Photo: Bocas de Aracataca
A militia group threatened to kill 31 families that returned to a fishing village on the north coast of Colombia that was the scene of a massacre 12 years ago, a non-governmental organization said.
The threats were made in pamphlets left Friday in the yards of two houses in Bocas de Aracataca, a village in the Caribbean province of Magdalena, by the Los Paisas militia group, the Jose Alvear Restrepo Legal Aid Society, or CCAJAR, said in a statement.
This is the second time that the residents of Bocas de Aracataca have been threatened since May 25, the CCAJAR said.
Los Paisas “announced a new massacre in the next few hours, as well as the murders of the (village) leaders and the displacement of the 31 families that returned to this village in the Cienaga Grande de Santa Marta,” the CCAJAR said.
Alcides Gonzalez, the only resident to stay in the village after militiamen massacred 11 people in February 2000, was among those threatened with death.
The massacre, which was committed by members of the defunct United Self-Defense Forces of Colombia, or AUC, militia federation, prompted 1,500 people from 150 families to flee from the fishing village.
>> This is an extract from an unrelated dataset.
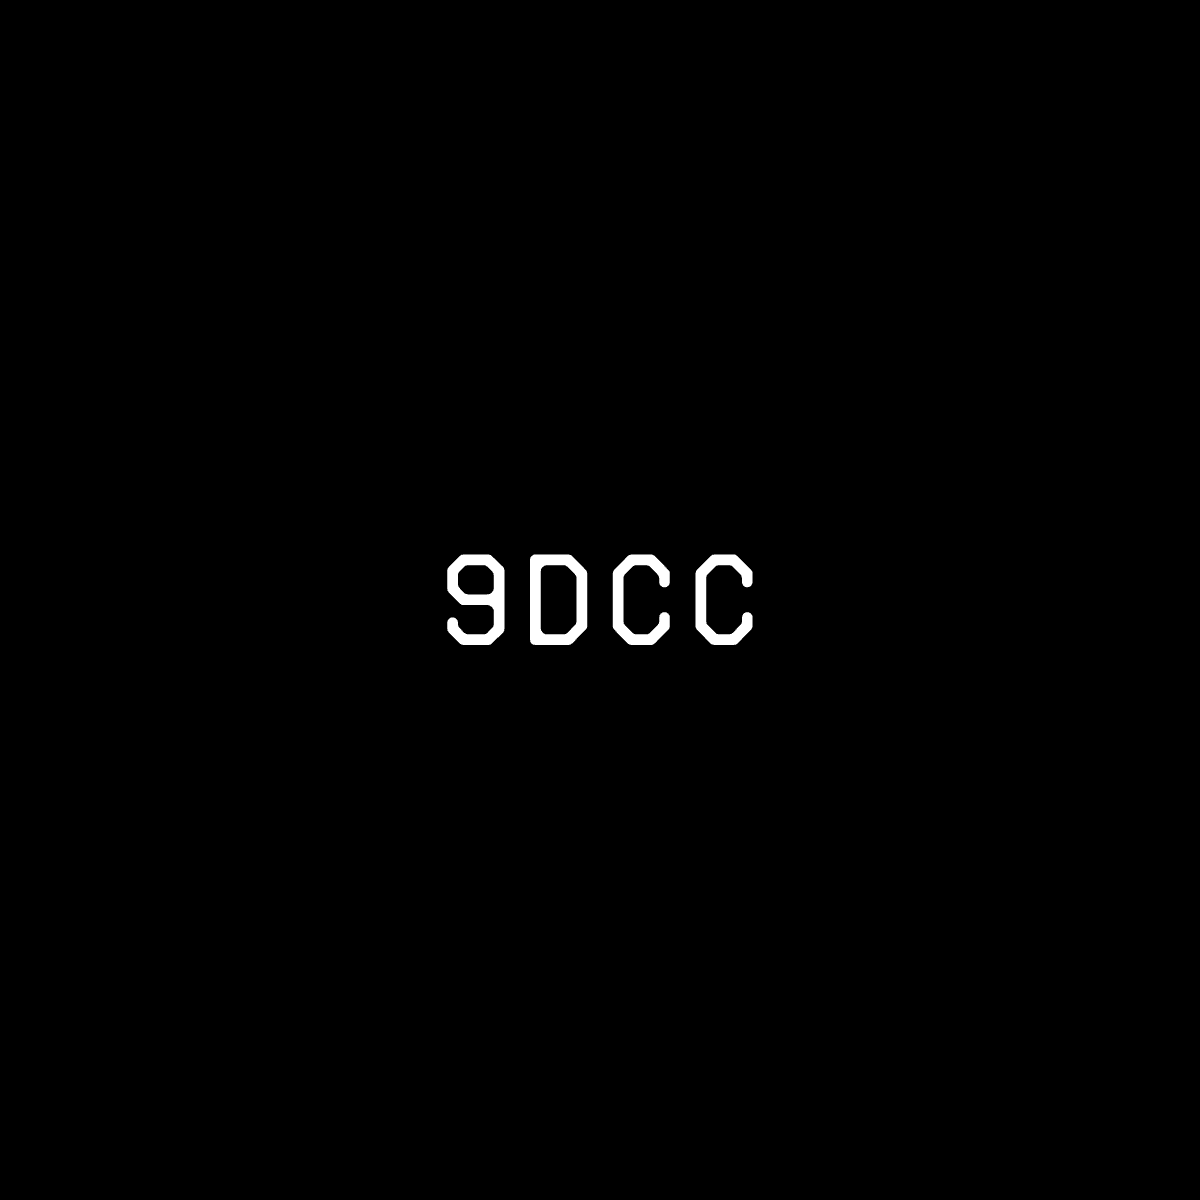 9dcc

The death threats were made against the 31 families that decided to return to Bocas de Aracataca, which is in an area where militiamen killed 39 other people in an attack on fishermen in December 2000.
Los Paisas is one of a number of groups founded by veterans of the AUC.
Los Paisas and the other AUC successor groups, such as Los Rastrojos and Nueva Generacion, are responsible for a good deal of the criminal activity in Colombia, officials say.
The AUC, accused of committing numerous human rights violations, demobilized more than 31,000 of its fighters between the end of 2003 and mid-2006 as part of the peace process with former President Alvaro Uribe’s administration.
The group was made up of numerous rural defense cooperatives formed more than 20 years ago to battle leftist rebels.
Many of the militias, however, degenerated into death squads and carried out massacres of peasants suspected of having rebel sympathies, along with slayings of journalists and union members accused of favoring the leftist insurgents.
Under the terms of the 2005 Peace and Justice Law, pushed through Congress by the Uribe administration to regulate the militiamen’s reinsertion into society, former AUC members faced a maximum of eight years in prison if convicted of any of the scores of massacres of suspected rebel sympathizers attributed to the rightists over the years.
Colombia’s Constitutional Court upheld the law in 2006 but conditioned the sentence reductions on full disclosure and confession of crimes and reparations to victims.
On May 13, 2008, the Colombian government extradited 14 former AUC chiefs to the United States.
The former AUC commanders were wanted in the United States on drug, money laundering and other charges.